Exploring a Finite Patch Levins Model
Owen Jones
Introduction
In this exercise, you will explore a stochastic implementation of the Levins metapopulation model, modified to assume a finite number of habitat patches. The aim is to understand how patch occupancy changes over time depending on colonisation and extinction probabilities, the number of patches, and initial conditions.
This model assumes that:
- Each patch is either occupied or empty.
- Occupied patches go extinct with probability \(e\).
- Empty patches are colonised with probability \(c\).
We simulate this process for a number of time steps and track the overall occupancy.
Base Model Code
Cut and paste this code into R so you can use the function later.
simulate_metapop <- function(num_patches, c , e,
time_steps, initial_occupied) {
patches <- rep(FALSE, num_patches)
patches[sample(1:num_patches, initial_occupied)] <- TRUE
occupancy_record <- numeric(time_steps)
for (t in 1:time_steps) {
new_patches <- patches
for (i in 1:num_patches) {
if (patches[i]) {
new_patches[i] <- runif(1) > e
} else {
colonize_prob <- c * mean(patches)
new_patches[i] <- runif(1) < colonize_prob
}
}
patches <- new_patches
occupancy_record[t] <- mean(patches)
}
return(occupancy_record)
}This is how you use the function - make sure it works for you.
Note that your graph will look different to this one, since the model is stochastic.
# Set the parameters
nPatch <- 150
cVal <- 0.5
eVal <- 0.3
# Run the model
result <- simulate_metapop(num_patches = nPatch, c = cVal, e = eVal,
time_steps = 100,
initial_occupied = ceiling(nPatch / 10))
# Plot the result, including labels
plot(result, type = 'l', col = 'darkgreen', lwd = 2,
ylab = "Proportion Occupied", xlab = "Time",
main = paste0("Stochastic Levins Model (",nPatch," patches)"), ylim = c(0,1))
# Add a line for Levins' deterministic equilibrium
abline(h = 1 - eVal / cVal, col = "red", lty = 2)
You should see that the proportion of occupied patches bounces around the deterministic equilibrium of \(1 - (e/c)\). This “bouncing around” is caused by the stochastic nature of the model - it is probabilistic. On average, in the long run, the equilibrium is predictable.
Let’s explore the model further.
Exercise 1: Sensitivity to Colonisation Rate
[This recaps some ideas from the simple deterministic Levins model, you can skip it if you are comfortable with that.]
Try different values for c (e.g. 0.1, 0.3, 0.5, 0.7)
while keeping e = 0.3 constant.
Tasks
- Plot the time series for each
cvalue. - Overlay the deterministic equilibrium \(\hat{p} = 1 - e/c\) as a dashed red line.
- Compare how the system behaves.
Questions
- What happens to occupancy when colonisation is too low (i.e. \(c \leq e\))? How might this relate to isolated nature reserves?
- How much extra colonisation capacity is needed to ensure persistence? What might this mean for designing corridors or stepping-stone habitats?
- Why does the occupancy level off when colonisation is high? What limits further gains in patch occupancy, even with strong connectivity?
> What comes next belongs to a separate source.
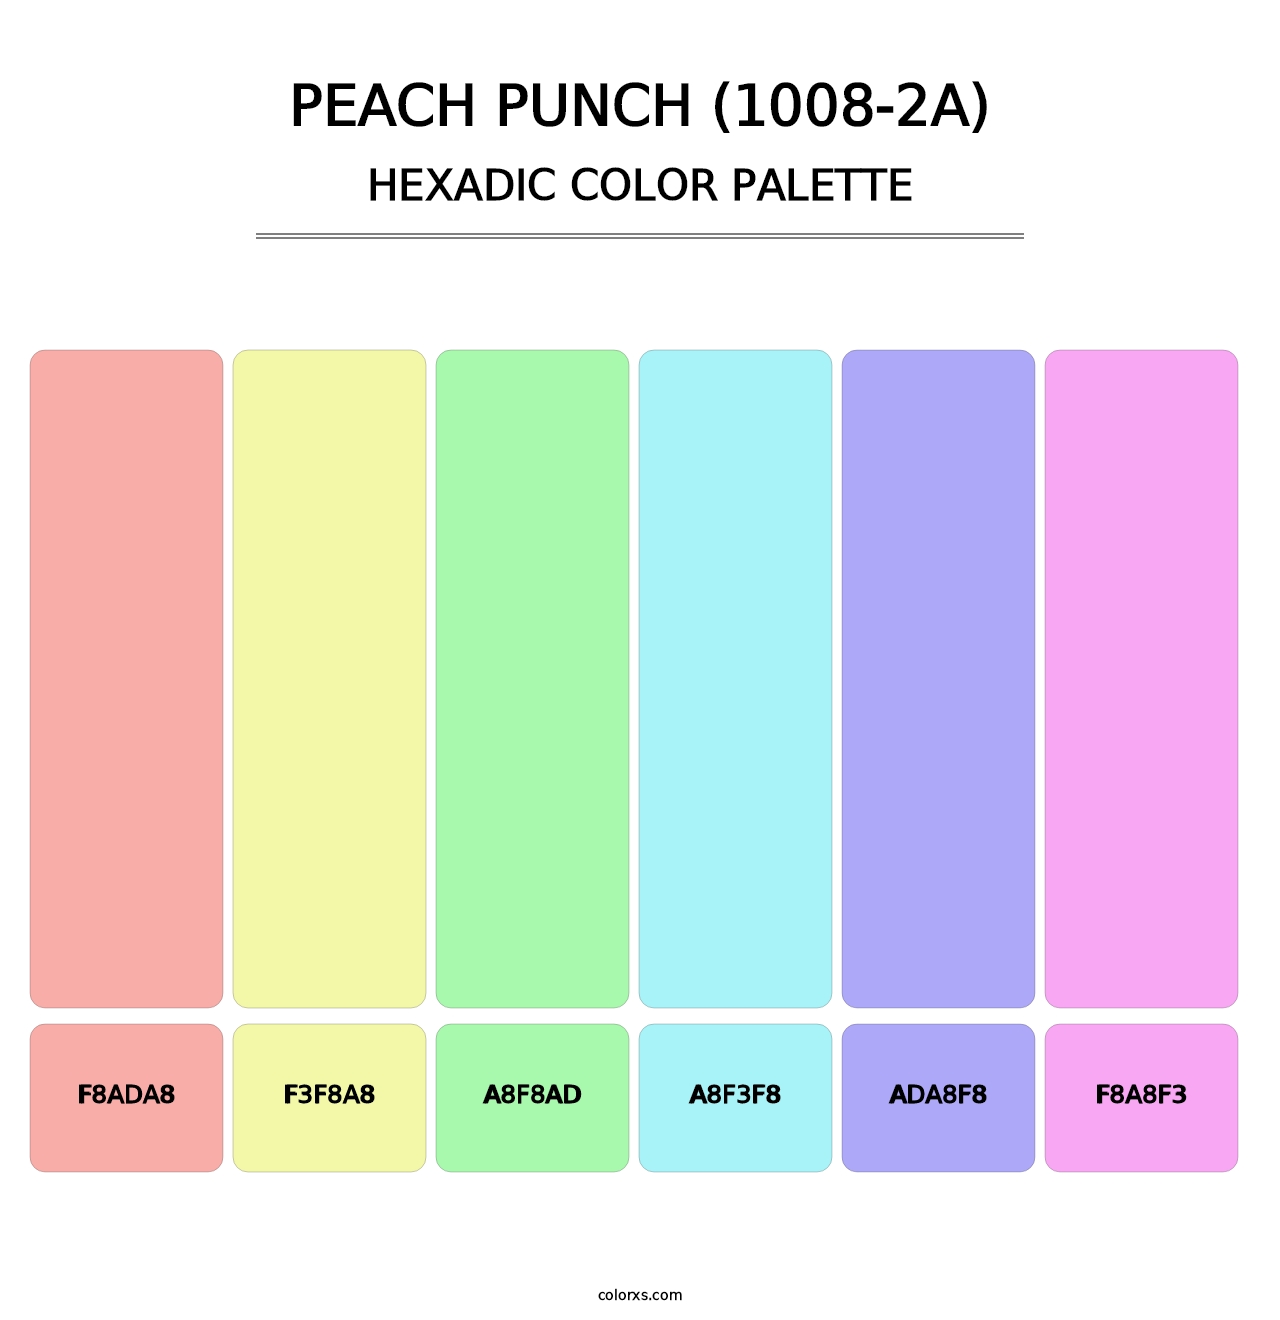 Peach Punch (1008-2A) - Hexadic Color Palette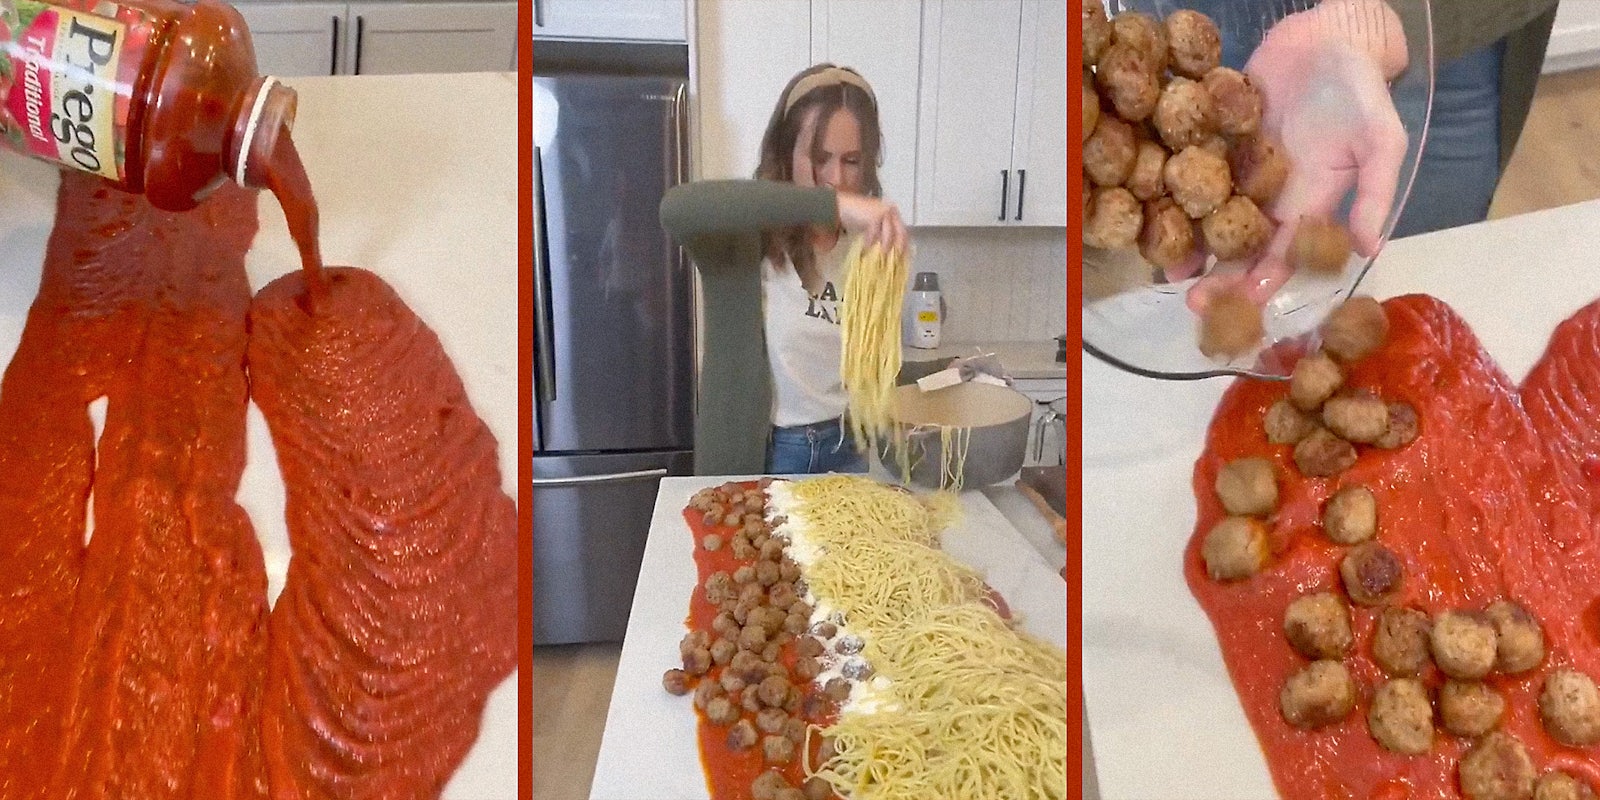 A woman making pasta on a table.

Exercise 2: Effect of Patch Number
Try simulations with 10, 30, 100, and 300 patches, keeping
c = 0.5 and e = 0.3 constant.
Tasks
- Run the simulation for each
num_patches. - Plot the occupancy time series for each.
Questions
- Which patch network sizes show greater fluctuation or risk of extinction?
- How could patch number influence the reliability of conservation outcomes?
- In fragmented landscapes, how many patches might be needed to maintain viable metapopulations over time?
Exercise 3: Exploring Initial Conditions
Try setting initial_occupied to 0, 10, 50, and 100 with
100 patches, and observe how the model behaves.
Tasks
- Plot how quickly the system approaches equilibrium from different starting points.
Questions
- If a species is reintroduced into a small number of patches, how quickly might it spread? Under what conditions might it fail to establish?
- What do the results suggest about the number of individuals or populations needed to “kick-start” recovery?
- How should this inform strategies like species reintroductions or habitat restoration?
Wrap-Up Discussion
- Under what conditions does the metapopulation persist or go extinct?
- What role does stochasticity play in the outcomes?
- How could this model inform conservation strategies such as reintroduction, assisted migration, or the placement of habitat corridors?